Unraveling Magnetogenetics

  • A short commentary explaining Meister’s critique of the field.

Manipulating Neurons with Magnetogenetics

  • The ferritin “tug” paper, which has been heavily contested on physics grounds and has not been retracted.

A Magnetic Protein Biocompass

  • The physics of this paper was strongly challenged by the Meister analysis — the idea that a single protein complex could spontaneously align with magnetic fields runs into the same theoretical obstacles.

Genetically Targeted Magnetic Control of the Nervous System

  • Another paper whose proposed mechanism was challenged by the Meister analysis.

Remote Regulation of Glucose Homeostasis in Mice Using Genetically Encoded Nanoparticles

  • Also challenged on the same physics grounds.

Weak Magnetic Field Effects in Biology Are Measurable — Accelerated Xenopus Embryogenesis in the Absence of the Geomagnetic Field

Escherichia coli K12 Exhibits a 50% Longer Lag Phase Under a Weak Magnetic Field

  • This paper argues that weak magnetic fields (smaller in strength than Earth’s own magnetic field) are enough to statistically change the lag phase of E. coli.
  • Prior papers showed something similar in Xenopus laevis: Weak Magnetic Field Effects in Biology Are Measurable.
  • There are several studies that show changes to E. coli growth in the presence of either strong or weak magnetic fields. All of the papers show a change — very strong magnetic fields decrease growth rates; tiny magnetic fields (19 nT) extend just the lag phase of growth in this paper. My question is: this effect seems real, but why would a single-celled organism evolve to sense magnetic fields at all? Or did they not evolve this, and it just happened by accident and was never selected against, because magnetic fields are roughly constant at Earth’s surface, between 20–65 nT?

Magnetic Field Dependent Fluorescence of MagLOV2

  • What is going on here? Why does the direction of change flip between magnetic fields of distinct strengths? There is some strange physics going on. And wouldn’t this make it difficult to build therapies that switch precisely in the right way? What if you accidentally turned the therapy off instead of on at the cancer site?
Two-panel figure from MagLOV2 paper. Panel A: magnetic field effect on fluorescence flips from positive (around +0.1%) at 0.5–1.5 mT to strongly negative (around −0.3%) at 2.0–2.5 mT. Panel B: representative fluorescence traces over time showing the 1.0 mT trace going positive while the 2.5 mT trace dips negative when the magnetic field turns on.

Mechanism of Magnetic Field-Dependent Photoswitching in a Fluorescent Protein

  • When the magnet comes near, the fluorescence decreases.

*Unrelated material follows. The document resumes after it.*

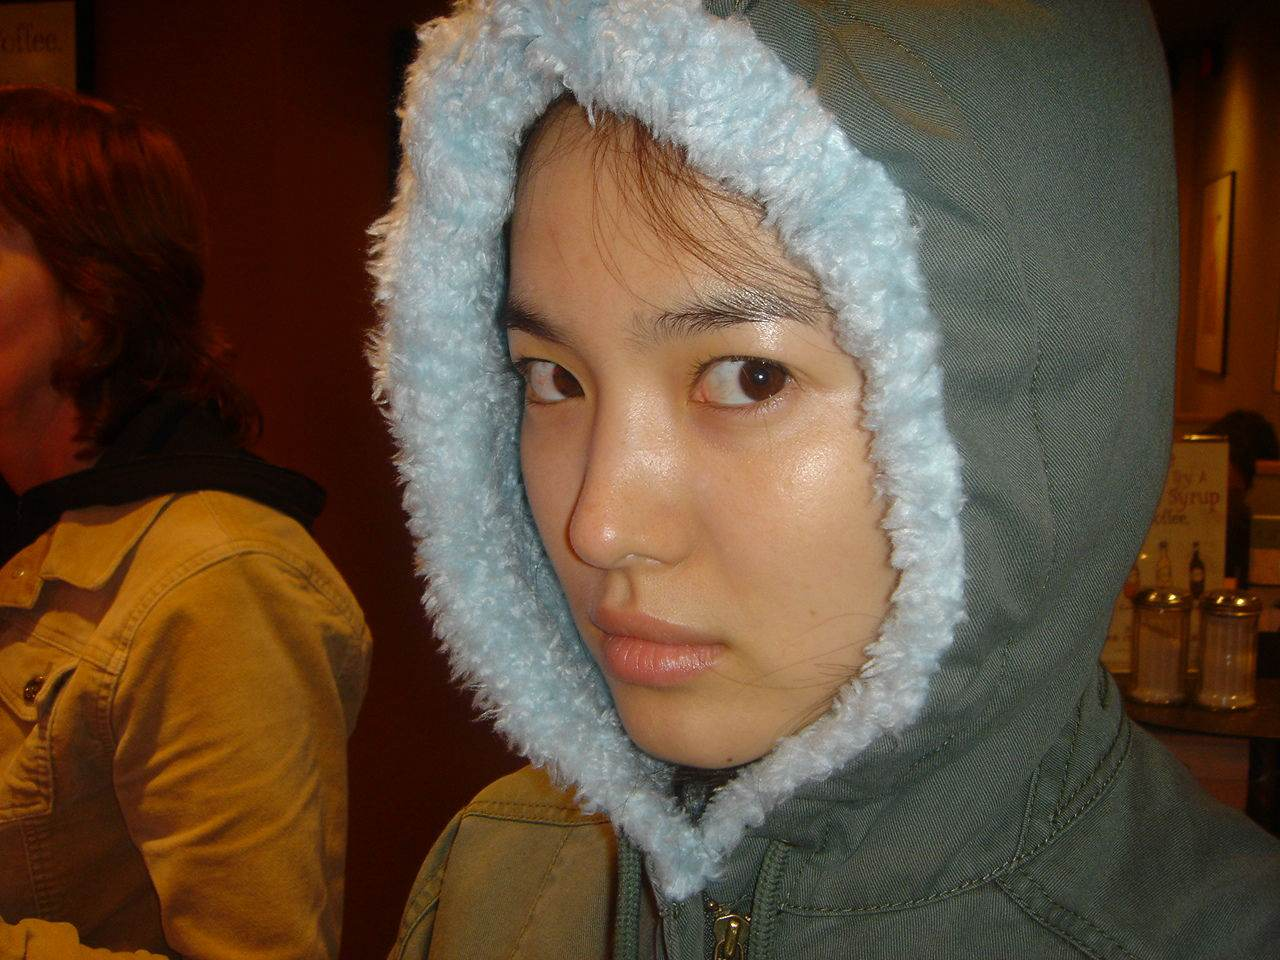 周冬雨杨丞琳素颜出镜 《楚乔传》赵丽颖《夏至未至》

When the magnet disappears, the fluorescence returns to baseline. Why does it happen this way and not the opposite? In other words, why doesn’t fluorescence increase in response to a magnetic field?
  • This works for fluorescence, but how do you then predictably transfer it to other applications, like the activity of an antibody?

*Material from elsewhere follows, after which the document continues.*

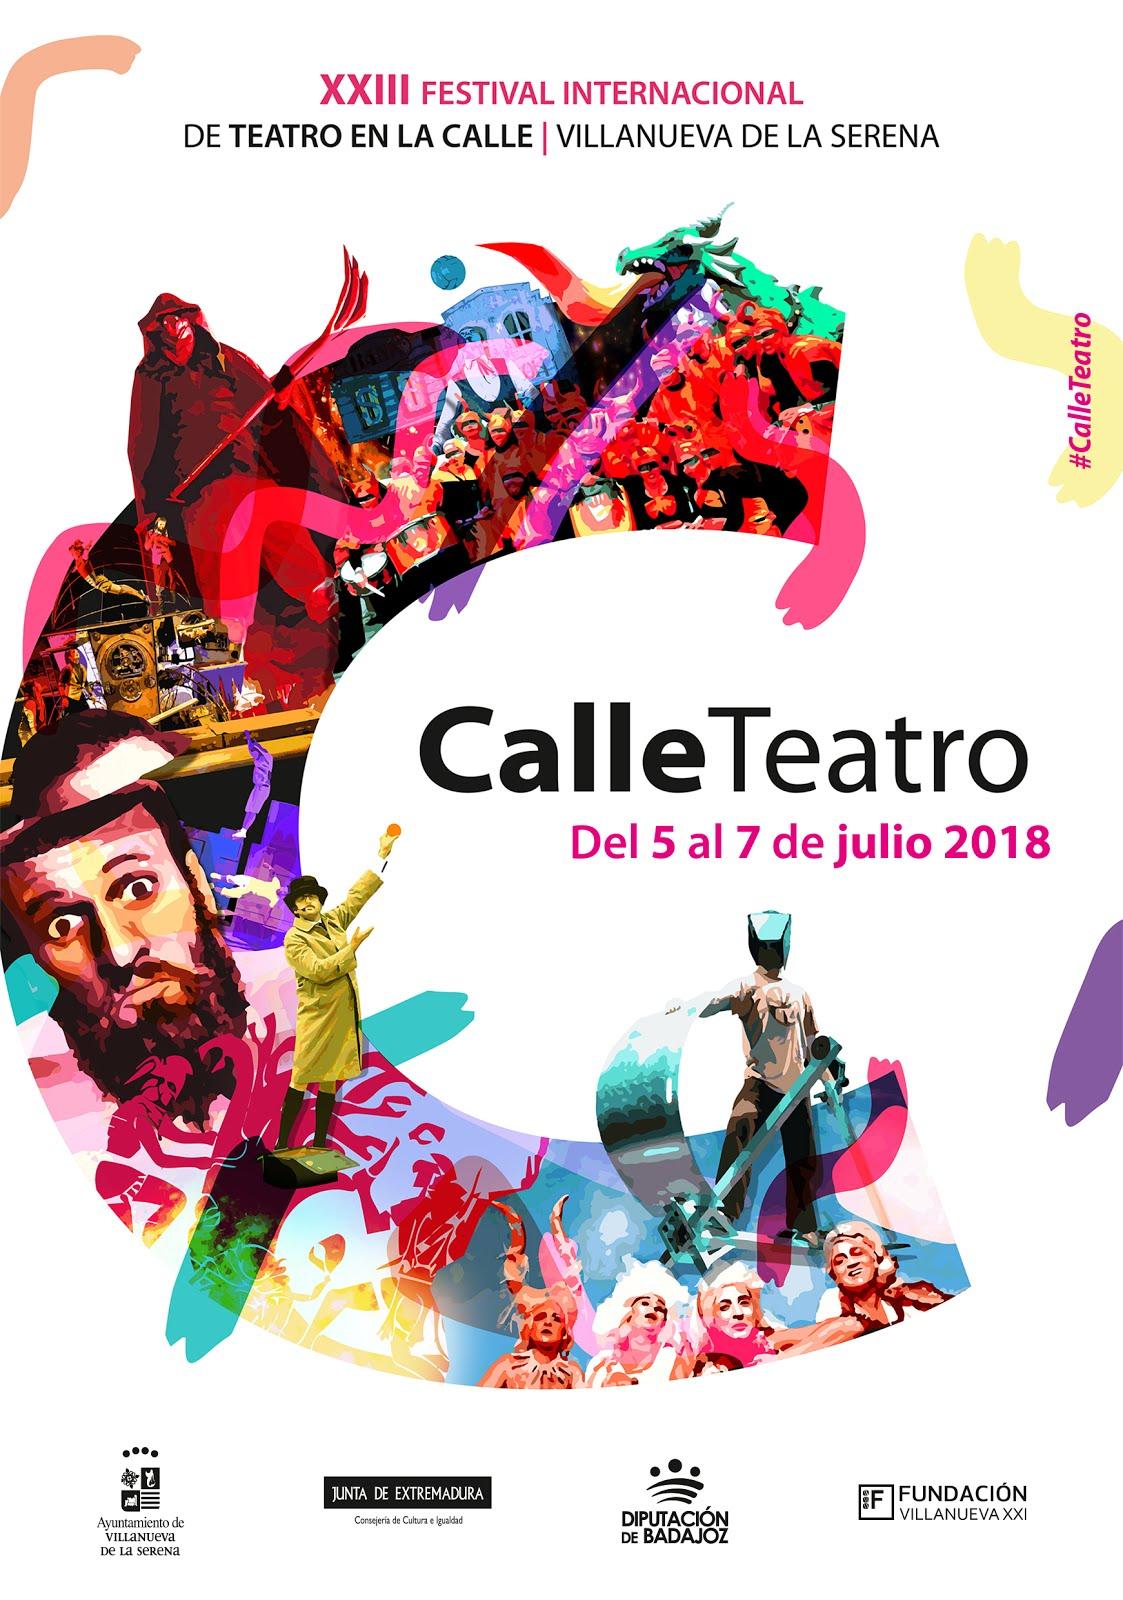 Teatro en la Calle Villanueva de la Serena 2018

Mechanism of Giant Magnetic Field Effect in a Red Fluorescent Protein

  • It seems like these molecules behave in distinct ways when in a living cell vs. when purified. When the fluorescent protein in this paper was removed from its cell, the authors had to add flavin and illuminate it with blue and yellow light to see the same effect. But again, it’s something to do with the flavin cofactor.
  • Human cells apparently don’t make flavin, so how would this work if you were to turn these magnetically controlled proteins into a therapy?